Would you give the listing back word for word once its pictures are removed?

Recorded information:
⟨

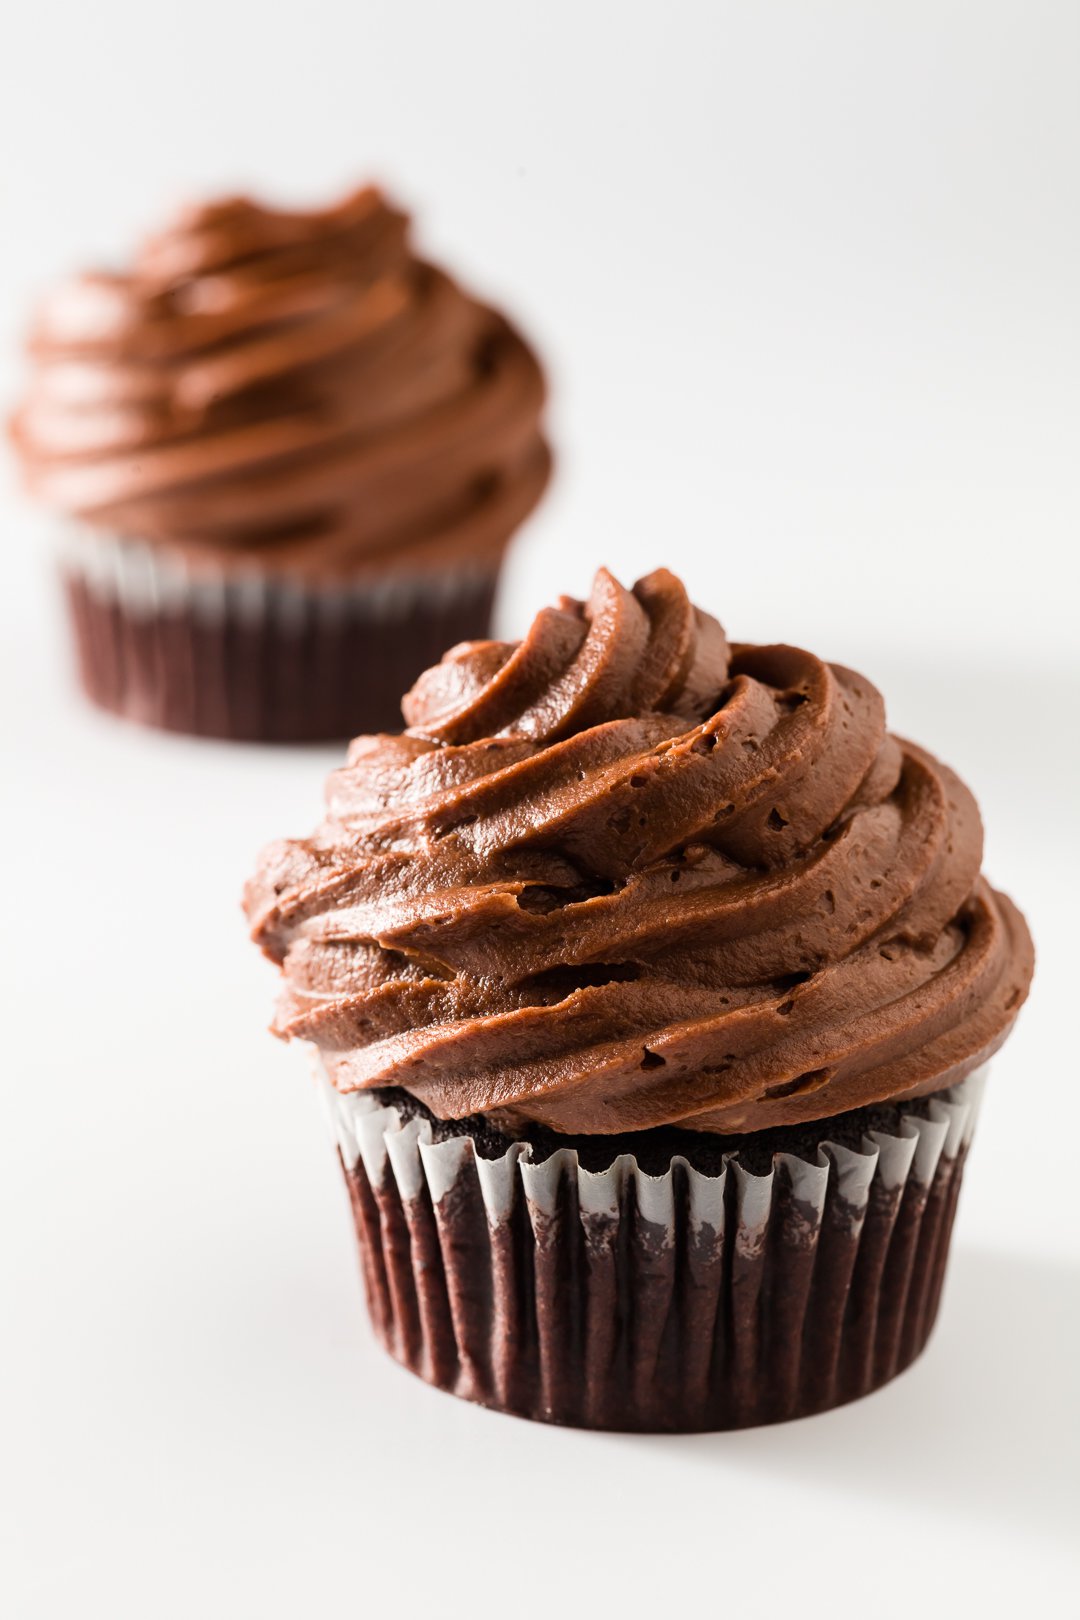 The Best Chocolate Cupcakes Decadent Moist And Easy To Bake
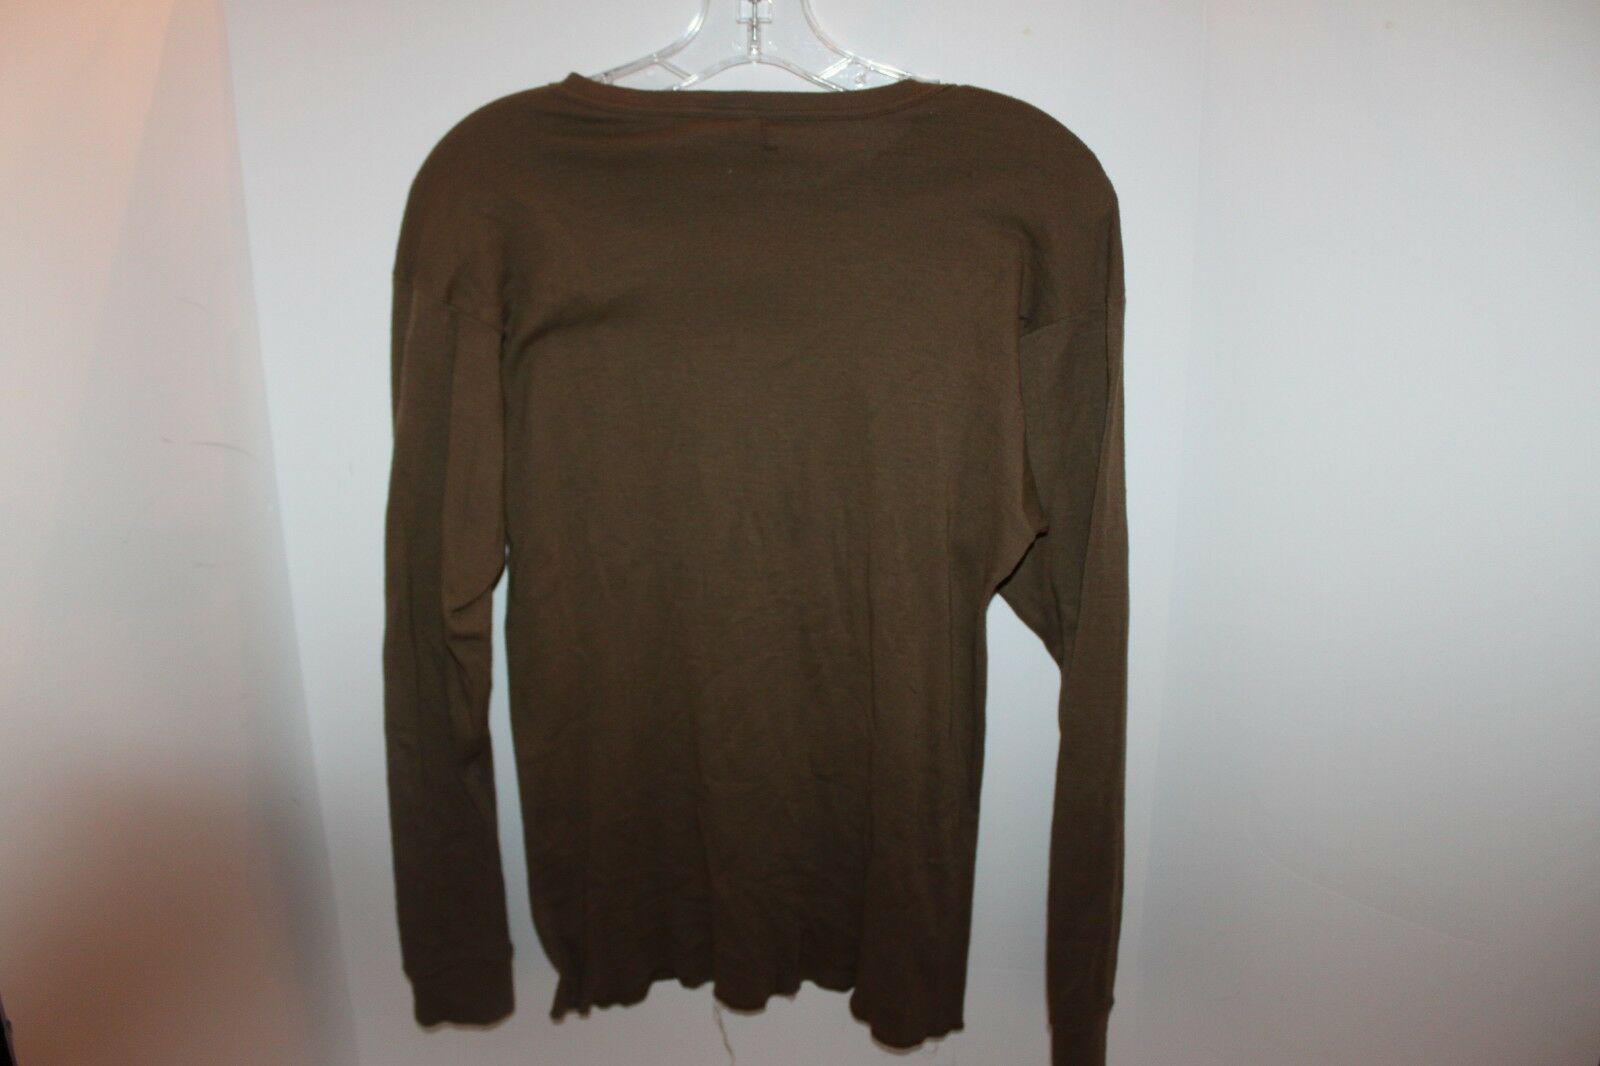 US Military Medalist Men's Long Sleeve Shirt Size Medium Brown Thermals Warm Top
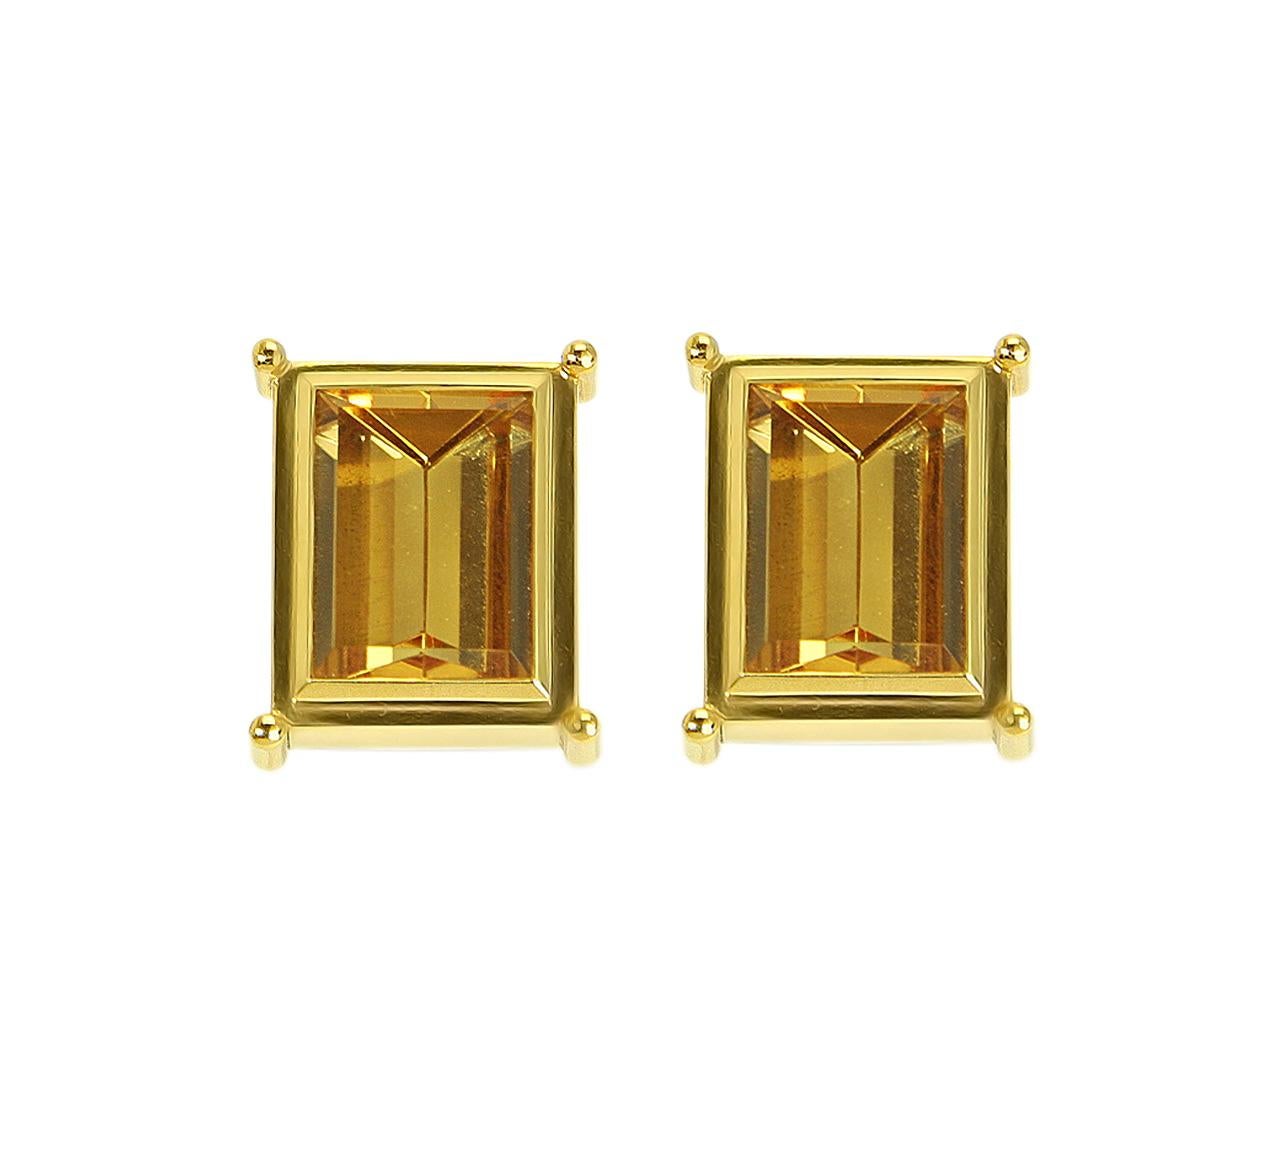 These handmade stud earrings were manufactured in Germany by Colleen B. Rosenblat. 22 karat yellow gold studs with 16.46 carat citrine in excellent quality. 
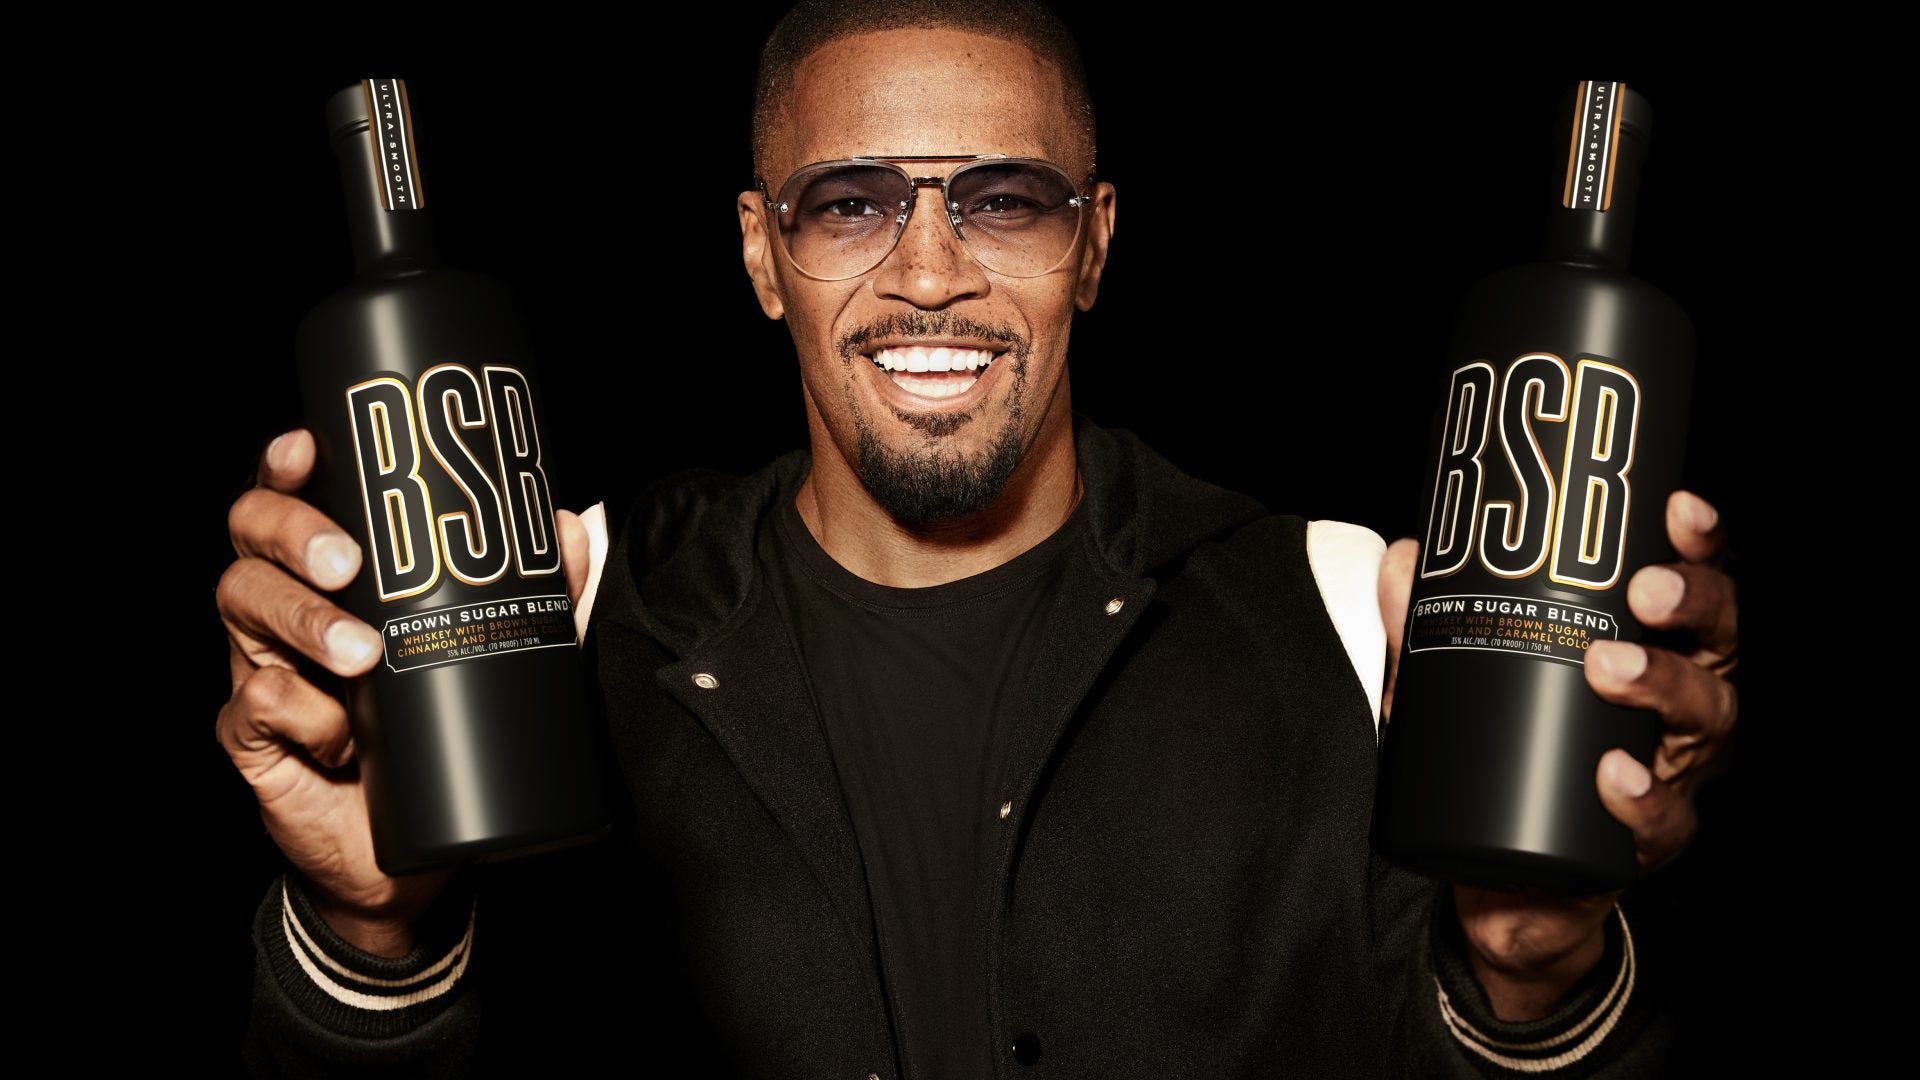 Let's Toast: Jamie Foxx Is Bringing New Flavor To 'BSB' Whiskey

⟩

Solution to the problem:
 The Best Chocolate Cupcakes Decadent Moist And Easy To Bake
 US Military Medalist Men's Long Sleeve Shirt Size Medium Brown Thermals Warm Top
 These handmade stud earrings were manufactured in Germany by Colleen B. Rosenblat. 22 karat yellow gold studs with 16.46 carat citrine in excellent quality. 
 Let's Toast: Jamie Foxx Is Bringing New Flavor To 'BSB' Whiskey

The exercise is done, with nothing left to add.